The flashback: It's two nights ago, and Roberto is talking to a guy named Golz. Golz is a big deal: he's a general (a "Comrade General," too – that is, a Communist).
Golz is going to be leading an attack, and the bridge must be blown right as the attack starts, and not before. Otherwise, it might be repaired, and the purpose is to prevent enemy reinforcements from coming up the road.
Golz will give Robert Jordan a date and time for the attack, but it's only provisional: attacks never go exactly as planned. What really matters is being prepared for whenever the attack might start. How to tell when the attack starts? Easy. There will be bombs.
The larger goal of the attack, Golz says, is to take Segovia, and La Granja en route. When Golz prepares to go into more detail, Robert Jordan tells him he'd rather not know, in case he gets caught. (Note: Segovia is a city about 60 miles North of Madrid, which the Republicans had lost to the fascists in 1936).
Golz and Robert Jordan begin to joke about how silly each of their names sound in Spanish.
Having a drink, Golz asks Robert Jordan whether he has any girls, and he says no – he doesn't have time for them. (That's what he thinks…)
That was the last time Robert Jordan had seen Golz. Flashback over.
Anselmo returns with another guy, who's carrying a carbine. He's not a very pretty fellow, nor a very friendly one. Robert Jordan doesn't like the look of him.
The new guy asks for proof of Robert Jordan's loyalty, so he shows him two seals (he can't read the letter Robert Jordan gives him first).
Anselmo mentions that there is dynamite in the packs, which gets carbine guy excited. Robert Jordan tells him it is not for his use.
Carbine's guy's name is Pablo, though he's got too much attitude to say so himself – Anselmo tells Robert Jordan.
Robert Jordan tells Pablo that he's heard he's an excellent guerilla leader. Pablo doesn't go for the flattery, and asks what Robert Jordan has been sent to do.
Blow up a bridge, he says, though he doesn't say which one. Pablo's peeved: no one blows up bridges in this area without him knowing about it. These are his parts.
Robert Jordan doesn't tell him any more, and Pablo responds by refusing to help them carry the sacks. Anselmo tongue-lashes him in an old Spanish dialect.
Pablo's beef: it's because his band operates in a different place than they hide that they haven't yet been caught.
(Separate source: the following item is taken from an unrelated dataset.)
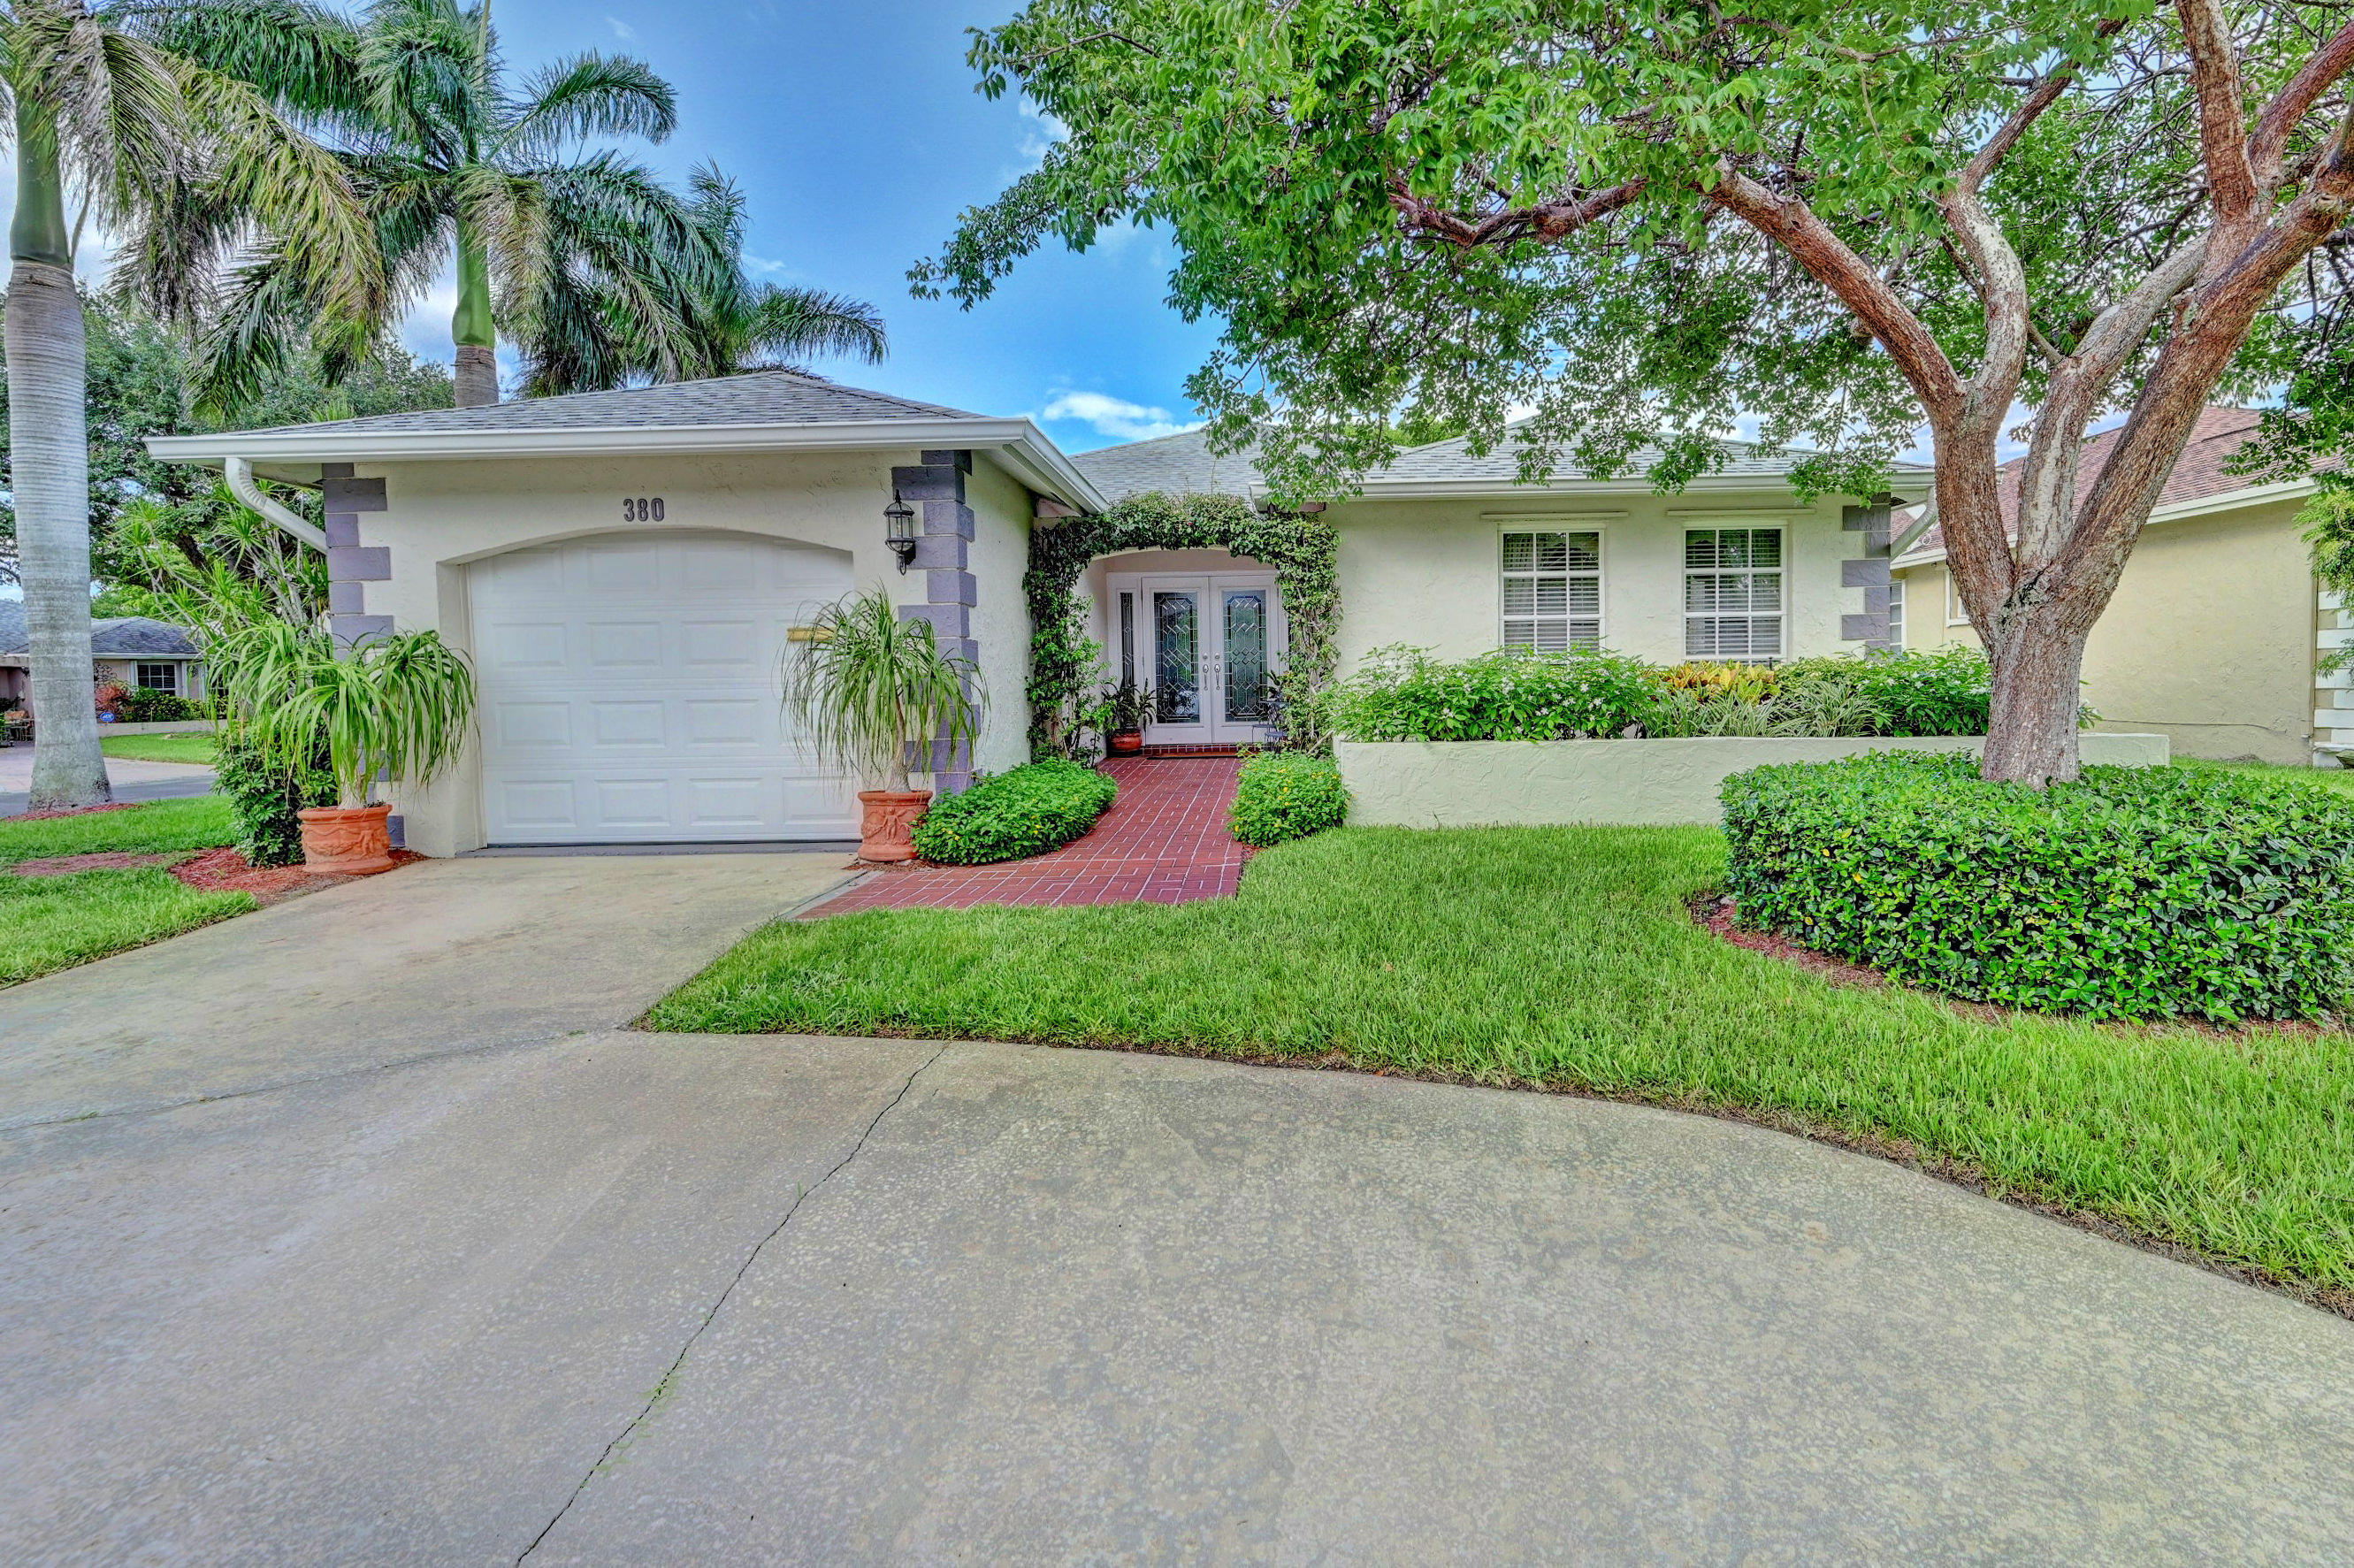 Home for sale in Lincolnwood Village Boca Raton Florida

But if there is a disturbance in the area (and blowing up a bridge definitely counts), he and his band will be hunted out of the mountains.
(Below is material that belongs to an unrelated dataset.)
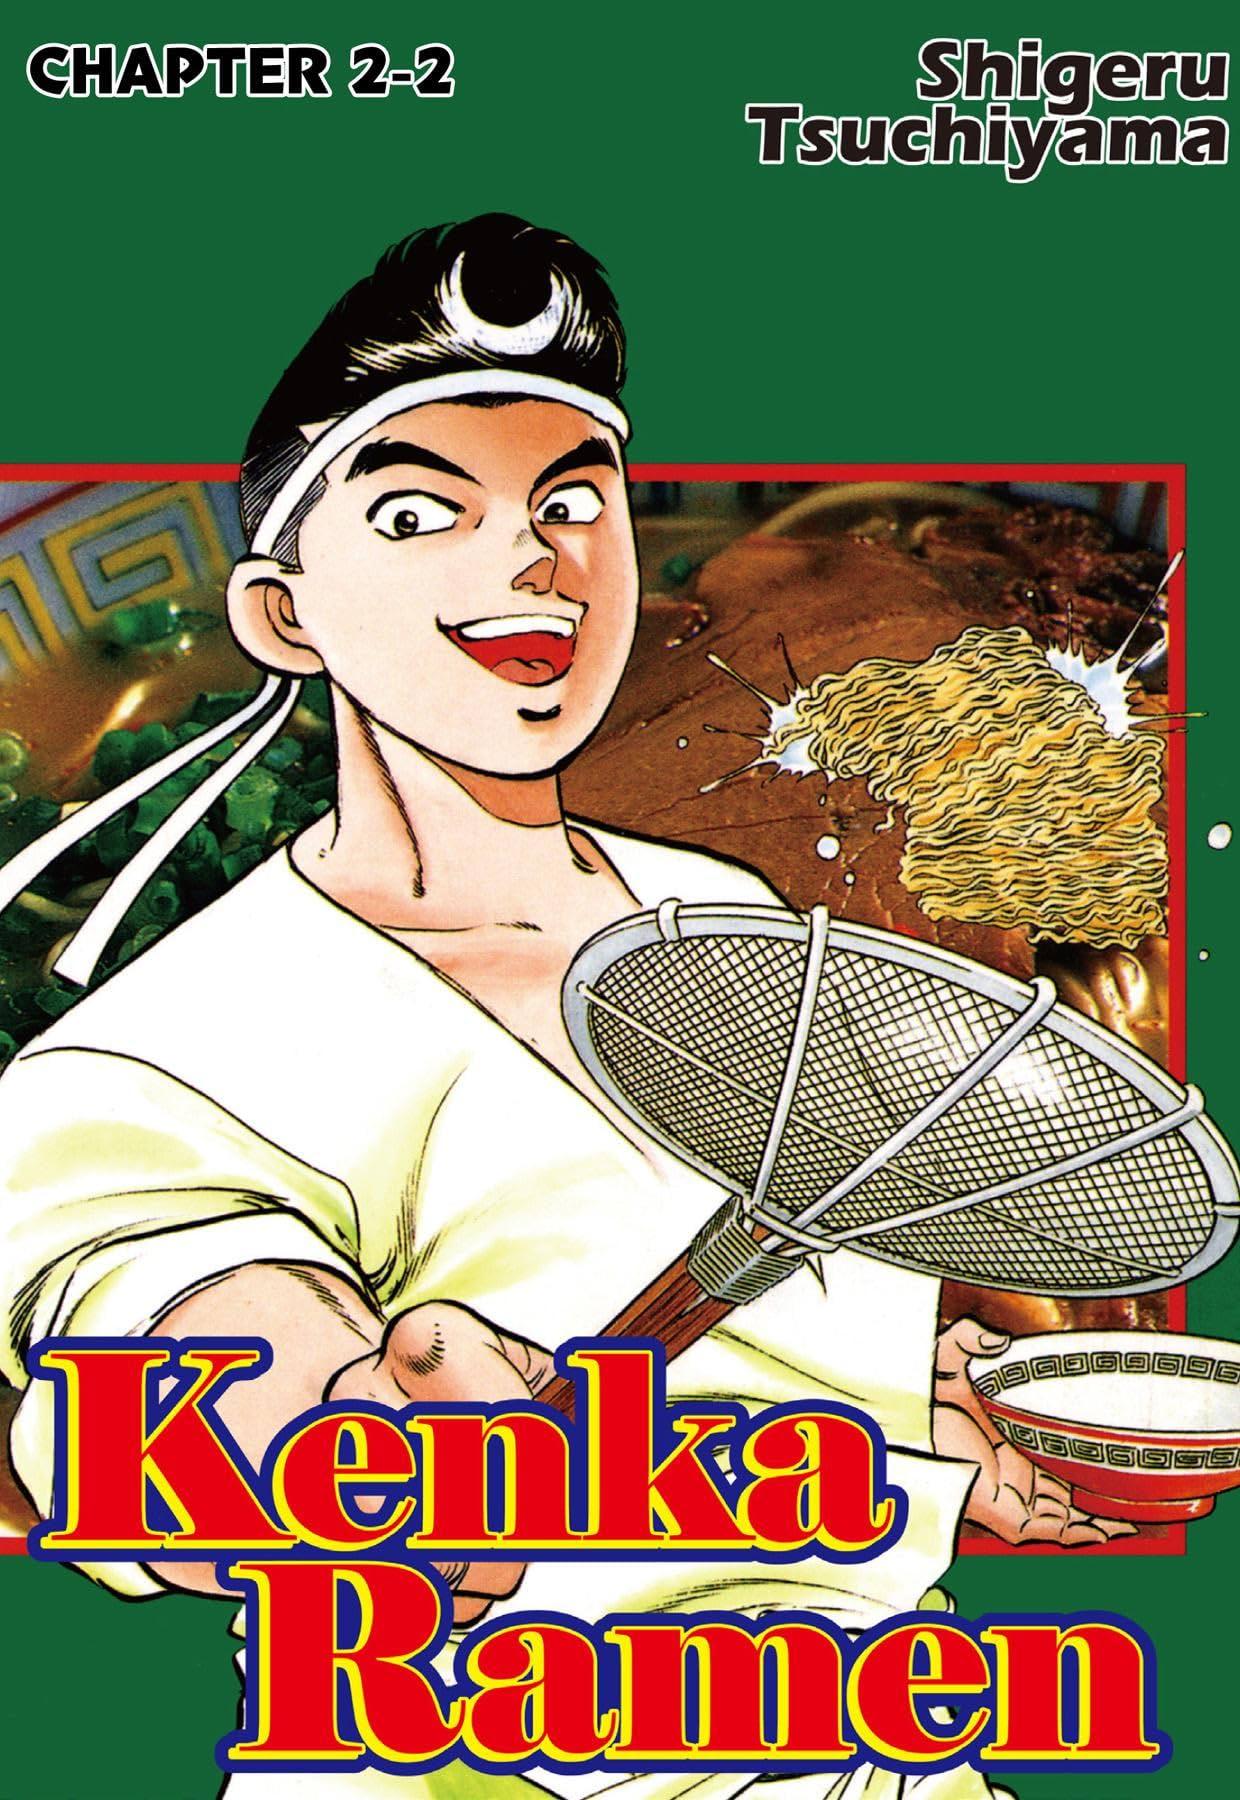 KENKA RAMEN #11

Nonetheless, Pablo agrees to take the pack, and they go off. Robert Jordan thinks to himself that Pablo has a certain sadness about him, which is bad: it's the kind of sadness you see in someone about to sell-out.
They come upon a meadow where Pablo keeps five horses in a corral, and Pablo has them stop to admire the horses. Pablo loves his horses. He's taken them all from fascists.
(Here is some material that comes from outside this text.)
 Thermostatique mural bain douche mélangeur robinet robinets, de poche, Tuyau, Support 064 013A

Pablo tests Robert Jordan by asking him to spot a defect, which Robert Jordan does.
Two of the horses had been acquired by killing a pair of the guardia civil (civil guard). Robert Jordan asks whether Pablo has killed many, and he has killed several.
Anselmo says that it was Pablo blew up the train at Arevalo, which prompts Pablo to ask Robert Jordan if he knew the foreigner who was with them at the train.
Robert Jordan does – his name is Kashkin. Or was. He died in April. Pablo points out that that's what awaits them all.
Anselmo is disgusted with Pablo. But Pablo says he is tired of being hunted, and knows that Robert Jordan's operation will bring him trouble.
Pablo claims his duty is to those with him, and to himself. Anselmo agrees, kind of: all he cares about is himself and his horses. Since getting his horses, Pablo hasn't been the same.
Robert Jordan is not pleased. Spaniards are wonderful "when they are good," he thinks, but "when they go bad there is no people that is worse." And it looks like Pablo's gone bad.
The problem with Pablo, thinks the great and wise Robert Jordan, is that his horses have made him "want to enjoy life." So now he's afraid to lose his life.
After making a French joke to himself, Robert Jordan thinks that it's important not to be gloomy. Much better to be cheerful. But there aren't very happy folks left. Oh well. Now Robert Jordan is really hungry.